Negli anni della guerra del Vietnam furono in molti a chiedersi come poteva resistere all'urto della più grande potenza mondiale un piccolo paese con qualche milione di contadini poveri e per lo più diviso a metà. Come poteva resistere e come fece a vincere, alla fine, quella guerra? La storiografia americana ha tentato molte risposte e, accanto a quella ovvia che attribuiva a Urss e Cina il ruolo di grandi padrini dei vietnamiti (questi ultimi assai meno tanto che fecero poi guerra ad Hanoi), ha cercato di analizzare in le difficoltà militari statunitensi, le errate scelte strategiche, il peso di un'opinione pubblica che bruciava le cartoline. Ma la risposta vera, che riguardava la capacità di resistenza dei vietnamiti, restava inevasa e, per certi aspetti, ancora lo è per gli storici della parte che quella guerra ha perso, con una certa ignominia, nel 1975. Ma uno storico francese di buone letture marxiste la risposta l'aveva già tentata negli anni Sessanta e, se si toglie quel velo ideologico e un po' militante che, in quegli anni, sfiorava anche il più equilibrato degli intellettuali, “Perché il Vietnam resiste” di Jean Chesneaux divenne un classico assai popolare proprio perché era il primo frutto storico occidentale (i vietnamiti avevano i loro storici come Le Than Koi per citare il più noto) a porre la domanda indagando i motivi dalla parte di chi la guerra stava maggiormente subendo.

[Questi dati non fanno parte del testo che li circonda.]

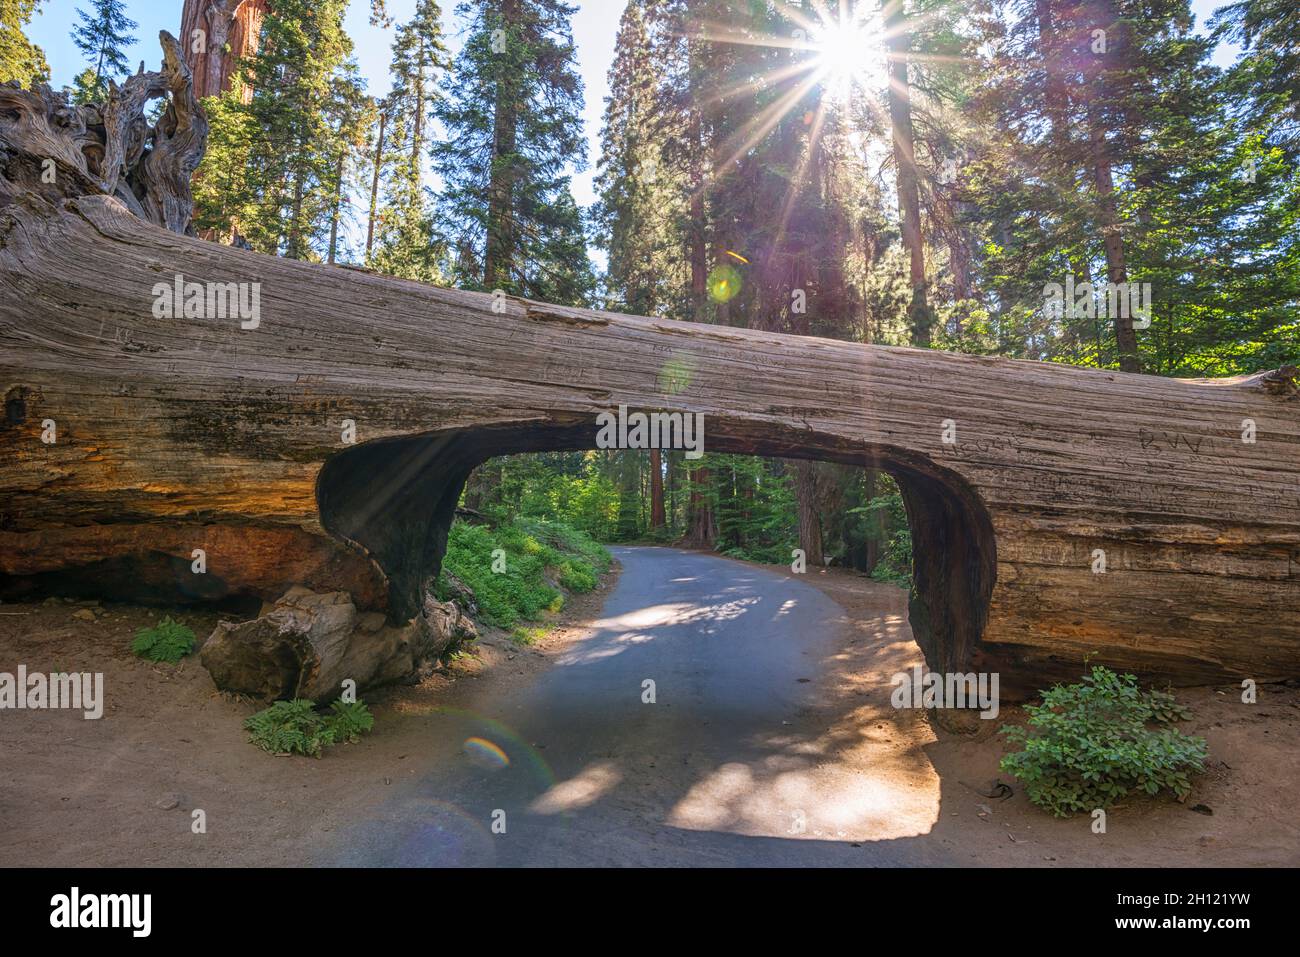 The drive through Tunnel Log at Sequoia National Park. Tulare County, CA, USA. Stock Photo

Le analisi di Chesenaux, di cui in Italia sono noti altri classici sull'oriente (ad esempio “L'Asia orientale nell'età dell'Imperialismo”), prendevano in considerazione il popolo come soggetto e ne analizzava i percorsi non sempre e per forza rivoluzionari. Studiava cioè quello che adesso chiameremmo la parabola del consenso e che allora si chiamava semplicemente analisi della lotta di classe. In Italia operazioni simili avevano prodotto saggi molto interessanti (“Proletari senza rivoluzione” ad esempio) e insomma c'era il tentativo di capire perché ad un certo momento qualcuno è disposto a morire per un ideale dove si fondono identità, nazionalismo, crampi allo stomaco. Ma Chesenaux non si accontentava di riscrivere la storia degli umili: illuminanti certi passaggi sul ruolo delle leadership nazionaliste monarchiche asiatiche che si opponevano al potere coloniale disposte a immolarsi correndo verso il nemico che aveva i fucili con la solo forza della spada. Ma anche lì ad esempio mancava la costruzione del consenso, la scintilla che può trasformare una ribellione in una guerra di liberazione.

Chesenaux ha continuato a scrivere (in Italia su il manifesto) e a produrre analisi che arrivano ai giorni nostri. E' stato tra i ricercatori grazie ai quali oggi riusciamo a capire meglio, pur nella confusione del post guerra fredda, perché certe cose non funzionano e perché in Iraq, per fare un esempio vicino, o in Afghanistan, si perdono guerre nelle quali la potenza militare conta ormai sempre di meno. Il grande dibattito, per chi non lo vuole ignorare, è oggi sul “consenso” la cui costruzione e conservazione, passa attraverso nuovi strumenti nei quali il Corano ha sostituito il libretto rosso o il Capitale. “Buona” o “cattiva” che sia la “resistenza”, la cosa più importante sta nel capire perché c'è.